Oegophiurida

Scientific classification
- Kingdom: Animalia
- Phylum: Echinodermata
- Class: Ophiuroidea
- Order: Oegophiurida Matsumoto, 1915
- Suborders: Zeugophiurina †Lysophiurina

= Oegophiurida =

Order of brittle stars

The Oegophiurida are an order of brittle stars, class Ophiuroidea.

The physical characteristics of this order include well separated lateral plates, which expose the oral surface of radial ossicles. It also has vertebrae with streptospondylous (hourglass) articulation, which thus allow for vertical and horizontal movements. The order has neither oral nor radial shields. They have paired serial gonads arranged segmentally along the arm. The hyponeural groove is covered by soft integument, which forms a spacious epineural canal that is not closed over by ventral arm plates. The disk is covered by naked or granulated skin, or by imbricating scales.
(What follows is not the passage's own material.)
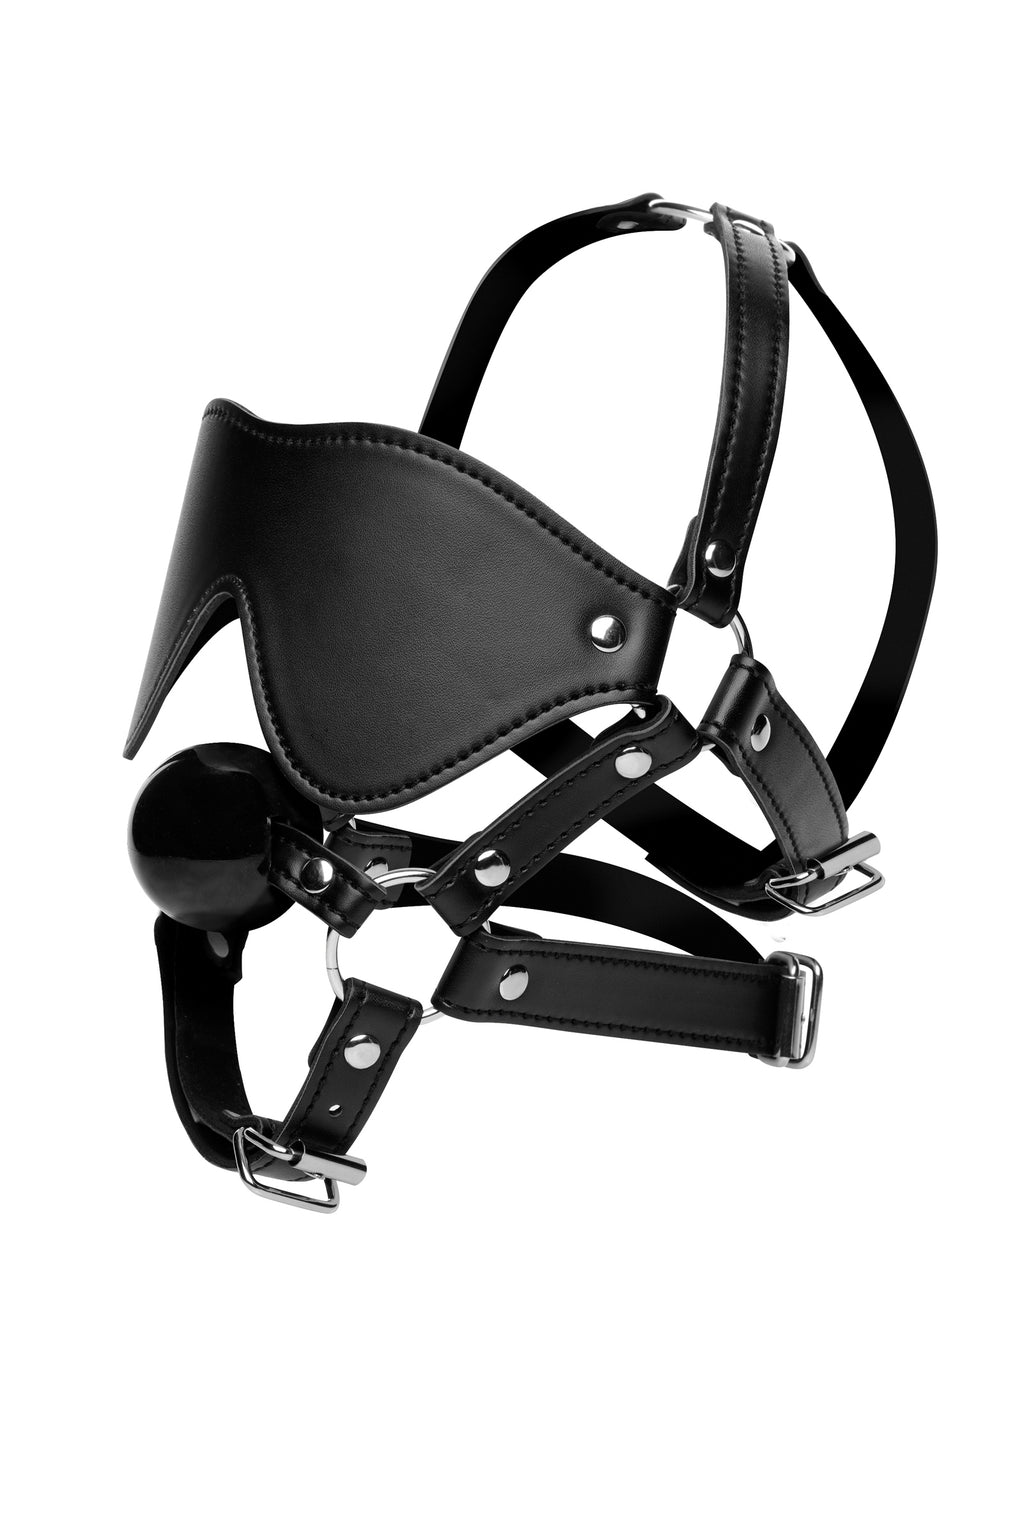 Blindfold Harness + Ball Gag STR-AE909
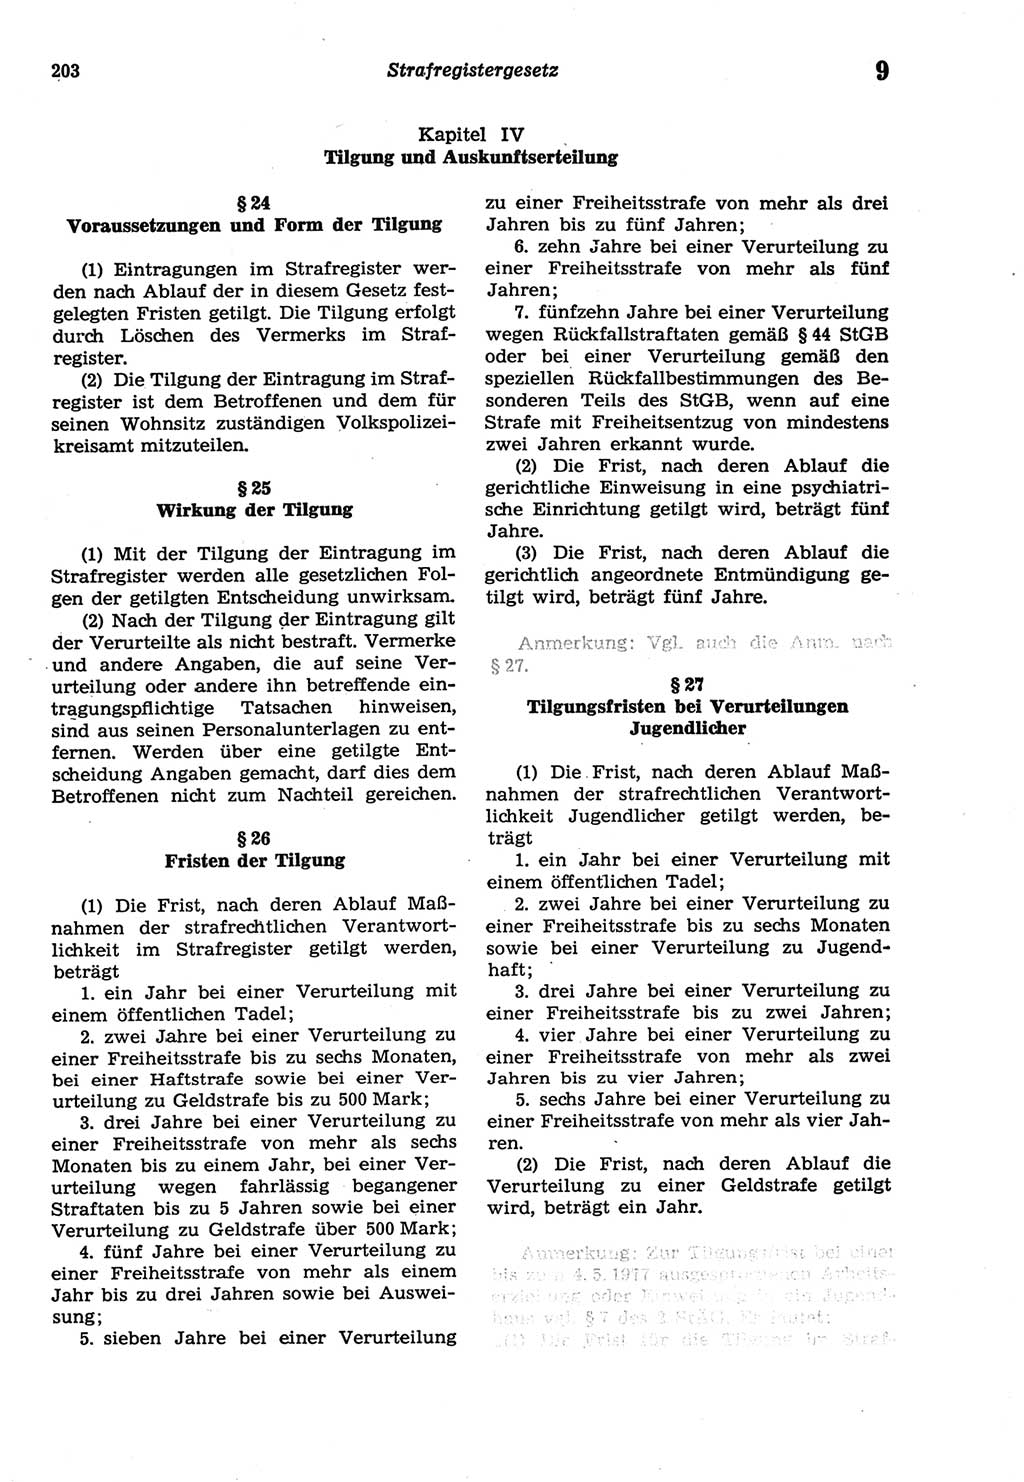 Strafprozeßordnung (StPO) der Deutschen Demokratischen Republik (DDR) sowie angrenzende Gesetze und Bestimmungen 1977, Seite 203 (StPO DDR Ges. Best. 1977, S. 203)

The Oegophiurida are extinct except for a recent species, Ophiocanops fugiens, which has several remarkable features. In each arm is a single digestive caecum. The caecum wall has many folds which enlarge the absorbing surface. This is similar to the structure in asteroids. Nothing, however, is known of this species' microscopic gut structure. Its gonads also stretch into the arms, also common to asteroids. Both of these are hardly present in other orders of the class. The skeleton is similar to other ophiuroids, except the paired right and left vertebrae are not fused, albeit set in orderly fashion. Also absent are ventral arm plates and radial and oral shields. Previously, the Oegophiurida were known only to exist from the lower Ordovician to the upper Carboniferous periods. However, most features of O. fugiens conform to this order, such as the absence of genital plates and genital bursae. They also lack dorsal or ventral arm plates. However, some recent studies have challenged the classification of O. fugiens as oegophiurid.